Om het in normale bewoordingen te zeggen: je zou met dat systeem kunnen communiceren zoals je met een persoon communiceert en het systeem zou met jou communiceren als een persoon. Het probleem is dat mensen beperkte kennis of geheugen hebben. Soms kunnen we sommige namen niet onthouden. We weten dat we de naam van de andere man kennen, maar we krijgen het gewoon niet op tijd. We zullen het ons op de een of andere manier herinneren, maar later op een ander moment. Dit wordt in de codeerwereld geen parallel computergebruik genoemd, maar het lijkt daar wel op. Onze hersenfunctie wordt niet volledig begrepen, maar onze neuronfuncties worden meestal begrepen. Dit is hetzelfde als zeggen dat we computers niet begrijpen, maar wel transistors; omdat transistors de bouwstenen zijn van alle computergeheugen en -functie.

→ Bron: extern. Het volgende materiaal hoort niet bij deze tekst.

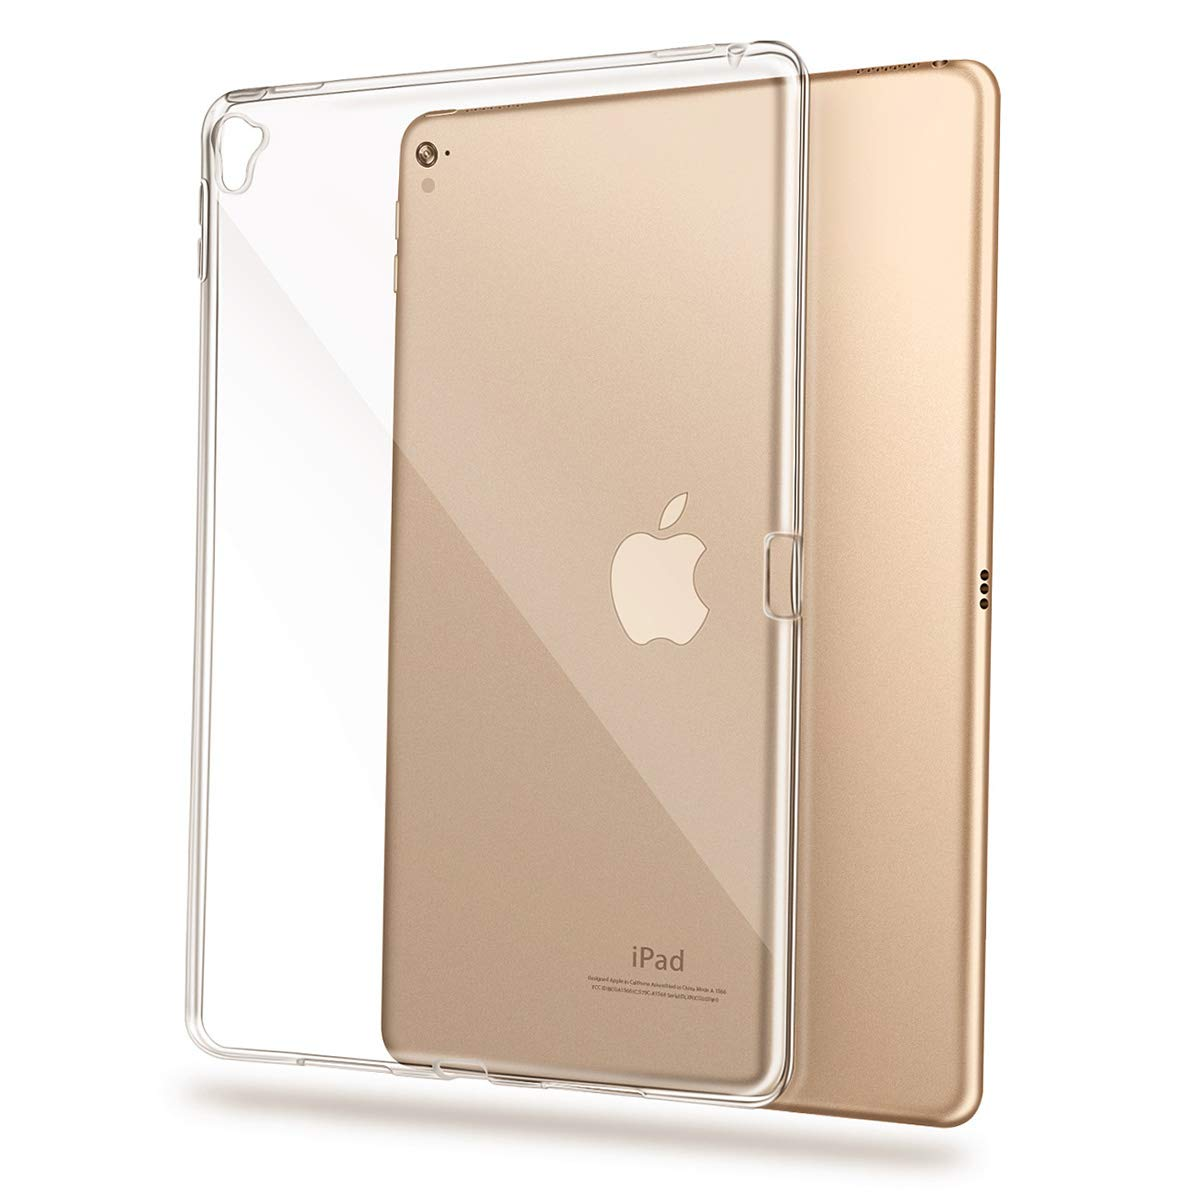 【国内配送】 TOTOOSE iPad Pro TOTOOSE 12.9インチ B07KW2YG67 2018ケース 超薄型 落下防止バックケース Pro プレミアム素材 フルプロテクション スリムプロテクターカバー iPad Pro 12.9インチ 2018用に特別にデザイン B07KW2YG67, 山越郡:df2e2107 --- a0267596.xsph.ru

Wanneer een mens parallel informatie kan verwerken, noemen we dat geheugen. Terwijl we ergens over praten, herinneren we ons iets anders. We zeggen “trouwens, ik vergat het je te vertellen” en dan gaan we verder over een ander onderwerp. Stel je nu de kracht van een computersysteem voor. Ze vergeten helemaal nooit iets. Dit is het belangrijkste onderdeel. Hoe meer hun verwerkingscapaciteit groeit, hoe beter hun informatieverwerking zal zijn. Zo zijn wij niet. Het lijkt erop dat het menselijk brein een beperkt verwerkingsvermogen heeft; gemiddeld.
De rest van de hersenen is informatieopslag. Sommige mensen hebben hun vaardigheden ingeruild om andersom te zijn. Je hebt misschien mensen ontmoet die heel slecht zijn in het onthouden van iets, maar die heel goed zijn in wiskunde, gewoon met hun hoofd. Deze mensen hebben delen van hun hersenen toegewezen die regelmatig voor geheugen worden toegewezen aan verwerking. Hierdoor kunnen ze beter verwerken, maar verliezen ze het geheugengedeelte.
Het menselijk brein heeft een gemiddelde grootte en daarom is er een beperkt aantal neuronen. Naar schatting zijn er ongeveer 100 miljard neuronen in een gemiddeld menselijk brein. Dat zijn minimaal 100 miljard aansluitingen. Ik kom later in dit artikel op het maximale aantal verbindingen. Dus als we ongeveer 100 miljard verbindingen met transistors willen hebben, hebben we ongeveer 33,333 miljard transistors nodig. Elke transistor kan namelijk bijdragen aan 3 aansluitingen.
Terugkomend op het punt; we hebben dat computerniveau rond 2012 bereikt. IBM was erin geslaagd om 10 miljard neuronen te simuleren om 100 biljoen synapsen te vertegenwoordigen. Je moet begrijpen dat een computersynaps geen biologische neurale synaps is. We kunnen één transistor niet met één neuron vergelijken, omdat neuronen veel gecompliceerder zijn dan transistors.